# Casting Pressure Chamber??



## Nubsnstubs (Dec 2, 2017)

I think I already know that this idea I have will work, but just looking for more feedback or suggestions from more experienced people on here.

What I need to do is cast a few pieces that are over 12" long. My current pressure pot is only 11" tall , so after looking for some of the metal tubing I purchased years ago for making pressure chambers and couldn't find it, I decided that 4" PVC pipe can do the job. I know that 1/2" schedule 40 is rated at 600 psi. I'm going to use 4" pipe and am guessing the pressure would be about 200 - 400 psi. It looks like using a 70-80 pressure should work. I will also place the 4" pressure pot in a large tube I have so if it explodes, shrapnel will be contained 

All my glue joints on the fittings will also have screws to help hold the pieces together. The only fitting that won't be glued is the top screw cap that is seen on your plumbing clean outs in every home in the country. I'm going to wrap the threads with Teflon tape so I'll be able to remove it when the casting is set.

All pieces I cast will be in their own individual PVC tubes so the inside of the 4" should always be clean after each casting. 

Am I delirious or does this sound viable??? ............ Jerry (in Tucson)


----------



## duncsuss (Dec 2, 2017)

Jerry, somebody on IAP asked a similar -- but different in one important respect -- question on IAP when he wanted to cast some pen blanks.

The major difference here is the diameter of the schedule 40 pipe you are proposing to use, they are talking 3/4" and 1", you are talking 4". The burst-pressure rating varies with the diameter of pipe (larger pipe, lower burst pressure rating) -- don't guess the pressure rating, verify it. Even double-sleeving it into another pipe might not protect against shrapnel.

Once you know you've got the safety aspects covered, I think it's a great idea and hope it works out for you.


----------



## The100road (Dec 2, 2017)

@Sprung


----------



## rocky1 (Dec 3, 2017)

Having spent 14 years managing a rural water system constructed of oh... 530+ miles of PVC pipe, I can tell you this. 

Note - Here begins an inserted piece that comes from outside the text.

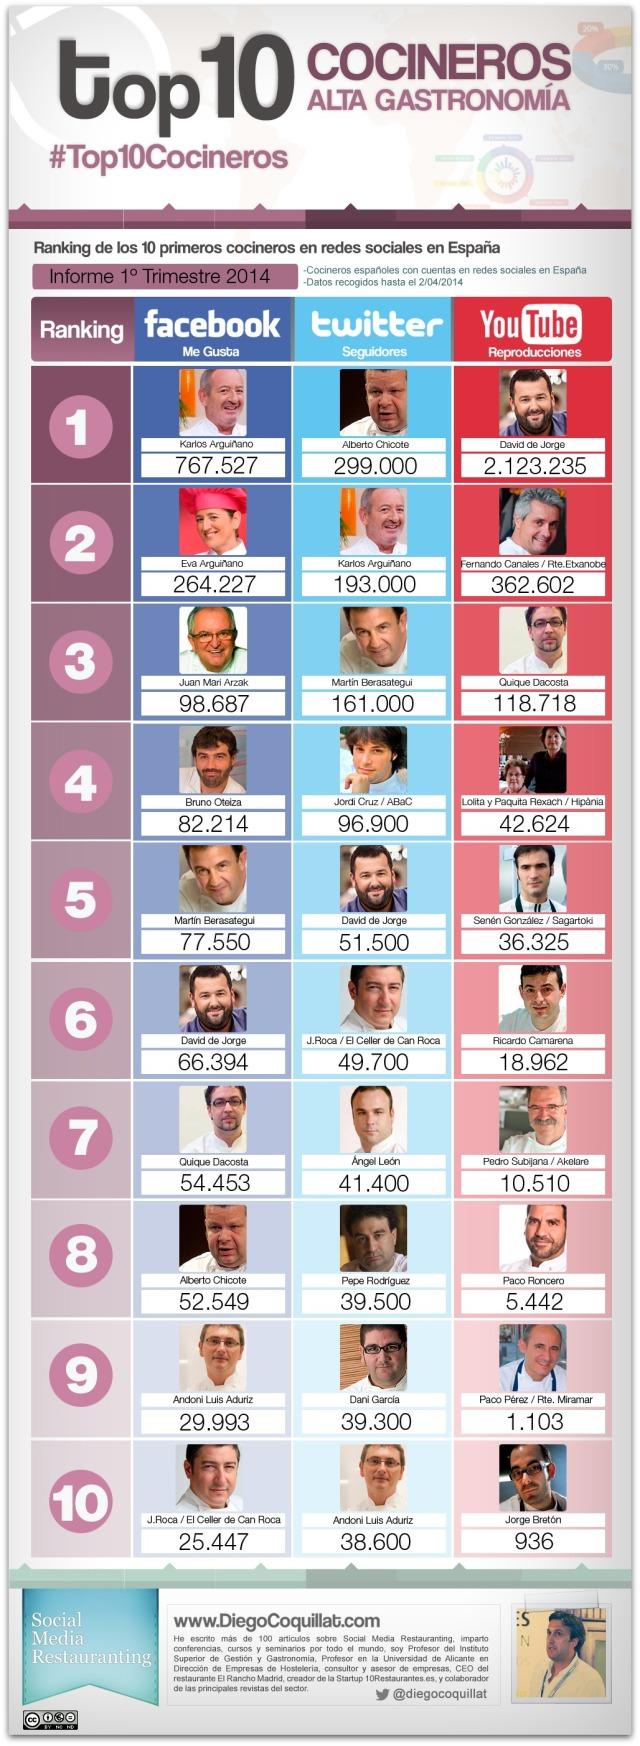 Top 10 cocineros en Redes Sociales (España 1T/2014)

1.) LEAVE THE SCREWS OUT OF THE EQUATION!!! You are creating the bomb you're trying to avoid right there!!! 

Attempting to screw the fittings together/to the pipe, destroys the structural integrity of the PVC, and weakens the pipe drastically. That WILL cause your pipe to fail, I guarantee it! 

2.) PVC pipe can be purchased by specific pressure rating in a commercial environment. Find out who the local municipality buys their pipe from and you should be able to buy PVC pipe in class 100, 120, 160, 200, 250, 280... They all use the same fittings, wall thickness on the fitting and their design usually push them up there in the 300 - 400 PSI range. The difference in pipe classification is attained by varying wall thickness on the pipe, outside diameter remains constant so they can use the same fittings, inside diameter is minimally reduced as pipe classification increases. 

3.) That having been said... Pressure rating on 4" schedule 40 PVC pipe, as you would find in your local hardware store, Lowes, Home Depot, is just over 200 PSI. So you're well within safe operation of the pressure chambers described, at the pressures suggested. I wouldn't be even remotely concerned. 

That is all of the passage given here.